Types are definitions created to serialize data into structured forms. Types are used for managing communication between components, components can only connect and communicate with each other only if their type matches. Each component receives data stream described as a specific type, then component decodes it, process it and sends out data stream.

Types are defined based on ANTLR g4 format.

Possible Types

  • Atomic types: Int32, Int64, Bool, String, Bytes, Float, Double, UInt32, UInt64

  • Lists: Denoted by [], they represent an arbitrary, finite number of elements of the same type: [Int32]

  • Tuples: Represent an ordered collection of elements with static length and types. The syntax is similar to Python tuple: (Bool, String, a), (), (UInt64,), ...

  • Records (aka Structs): Like tuples, but unordered and with named fields: {name : String, age : UInt32, score : (UInt64, UInt64)}

  • Named types: Any type can be given a name. The on-wire representation of a named type is the same as that of its base type, but the two are not directly compatible, though they can be converted amongst each other. E.g person := {name : String, age : UInt32, score : (UInt64, UInt64)}, this is the named type person that an age, name and score for a competition It is possible to introduce a named type without content, e.g. type Nothing = ().

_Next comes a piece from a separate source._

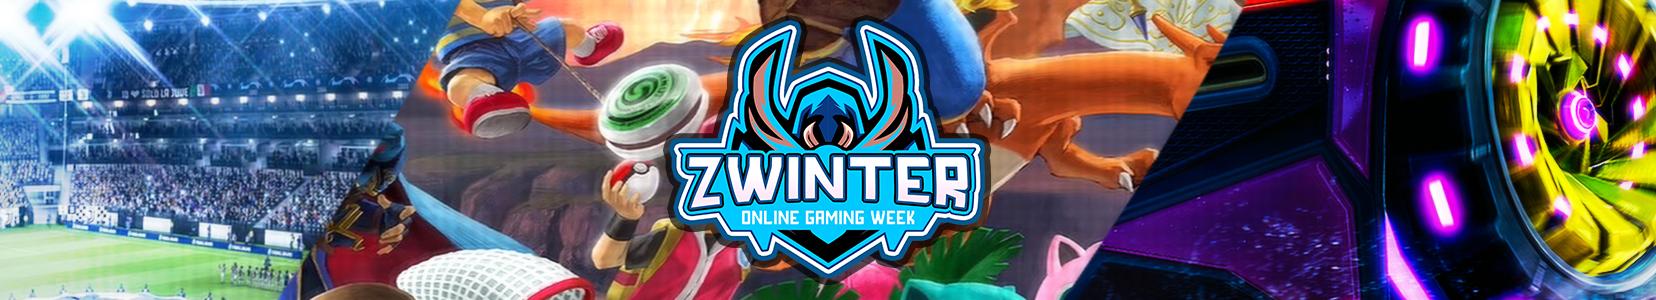 Banner alargado de portada en el torneo oficial ZWinter

Named types can include other named types

Image := {width:UInt64,height:UInt64,
      format:Image.BGR|Image.BGRA|Image.GRAY|
      Image.RGB|Image.RGBA,data:Bytes} // format can be BGR, BGRA, ...
VideoFrame := {image:Image,timestamp:UInt64} // VideoFrame is image with timestamp

Type with Namespace

// this BoundingBox with angle is belongs to super_workspace
super_workspace.BoundingBox := {class:DetectedClass,rectangle:Rectangle<Double>, angle: Double}
  • Unions: Unordered collections of different types that represent elements that might be of any of the given types. E.g. Int32 | Int64; Bool | String

The language also supports type variables, similar to generics in Python or templates in C++. A type variable is an arbitrary name starting with lower case (to distinguish from types). They denote any single type and are scoped within a single component's definition. That is, the same variable refers to the same type everywhere within one component but not across two different components. E.g. a, b, myType

Named Type Definitions

Here are examples on how named typed can be defined.

Basic Named Type

// DetectedClass is a type with named field 'id' and 'confidence' 
DetectedClass:= {id: UInt64, confidence: Double}

Template Type

Point<t0> := {x:t0,y:t0} // It is possible to insert any existing type definition as t0
// it is possible to build on top of existing template type definitions

Types built on Template Types

// Rectangle is a template type using an existing template type
Rectangle<t0> := {top_left:Point<t0>,bottom_right:Point<t0>}
// Combines DetectedClass and Rectangle
// Rectangle is intialized with Double
BoundingBox := {class:DetectedClass,rectangle:Rectangle<Double>}

Empty Types

// Creates types without content Image.BGR, Image.RGB, ...
Image.BGR = () 
Image.RGB = ()
Image.GRAY = ()
Image.RGBA = ()
Image.BGRA = ()

Types with Union

Image := {width:UInt64,height:UInt64,
      format:Image.BGR|Image.BGRA|Image.GRAY|
      Image.RGB|Image.RGBA,data:Bytes} // format can be either BGR, BGRA, ...

Next Steps:

Components

A component is container for compiled code, models and other dependencies that are needed in order to execute a particular task. A component can be shared and reused in multiple pipelines. Components may have typed inputs and outputs, making sure they connect with other components only if types match. Developers can use C++ or Python to program components. A component could for instance load the model and run inference with pre- and post- processing, or take a sequence of bounding boxes and apply Kalman filter for tracking of objects.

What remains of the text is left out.